When the narrator describes Oscar’s burgeoning obsession with science fiction and fantasy, he makes the important speculation that this obsession originated in Oscar’s Antillean identity. The narrator introduced this notion in the prologue, and he expands on it greatly in Chapter 1. In footnote 6, for example, the narrator notes that Oscar spent his first couple years living in the Dominican Republic. His relocation to New Jersey at the age of two would have been tantamount to moving to a radically different, alien world. His immigration was thus similar to interplanetary travel in a space opera. If this experience prepared the way for Oscar’s obsession with genre fiction, then his actual experience as a brown-skinned sci-fi nerd gave him a first-hand understanding of those many characters in science fiction and fantasy who must contend with issues of alienation and difference—whether in terms of race, gender, species, or some other category. As the narrator puts it: “You really want to know what being an X-Man feels like? Just be a smart bookish boy of color in a contemporary U.S. ghetto.” Like the X-Men, who were treated as outcasts for their mutant abilities, Oscar constantly had to navigate the bigotry of others.

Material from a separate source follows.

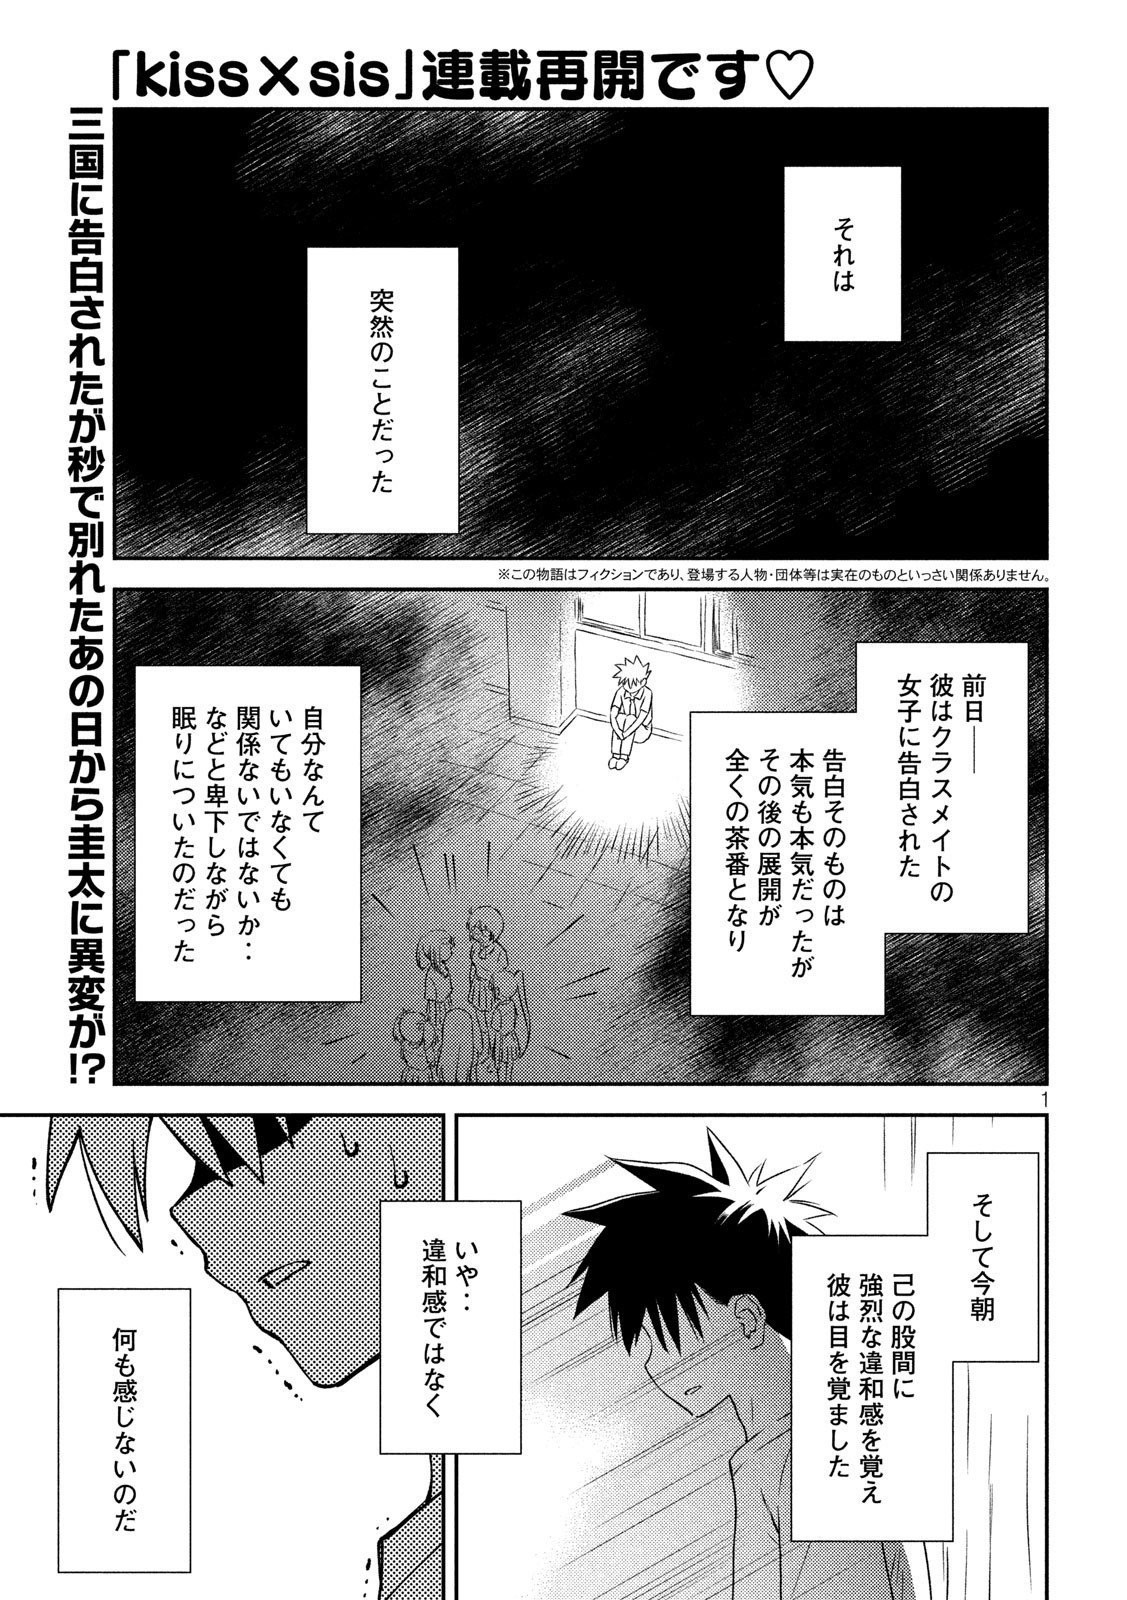 Kiss X Sis Chapter 140 Page 1 Raw Manga 生漫画

As Oscar increasingly turned inward and his personal world shrank, storytelling enabled him to create a different reality for himself. Oscar’s high school years sent him into a spiral of depression. He felt frustrated with his appearance. His peers bullied him. His only friends started drifting away. And in the midst of it all, he had a tendency to fall hopelessly in love with girls who rarely paid him any attention. Isolated and with nowhere else to go, Oscar turned to books. He took refuge in stories of vastly different universes, and he saw something of himself in the many underdog heroes that populate science fiction and fantasy stories. However, as a person of color whose family hailed from the Caribbean, Oscar could never fully inhabit the worlds that existed within this white-dominated genre. For this reason, he began to write his own science fiction and fantasy tales. The ability to invent new worlds gave him a sense of power and agency that he didn’t possess in his ordinary reality. As such, the act of storytelling enabled Oscar to manage his isolation and depression by expanding his imaginative universe.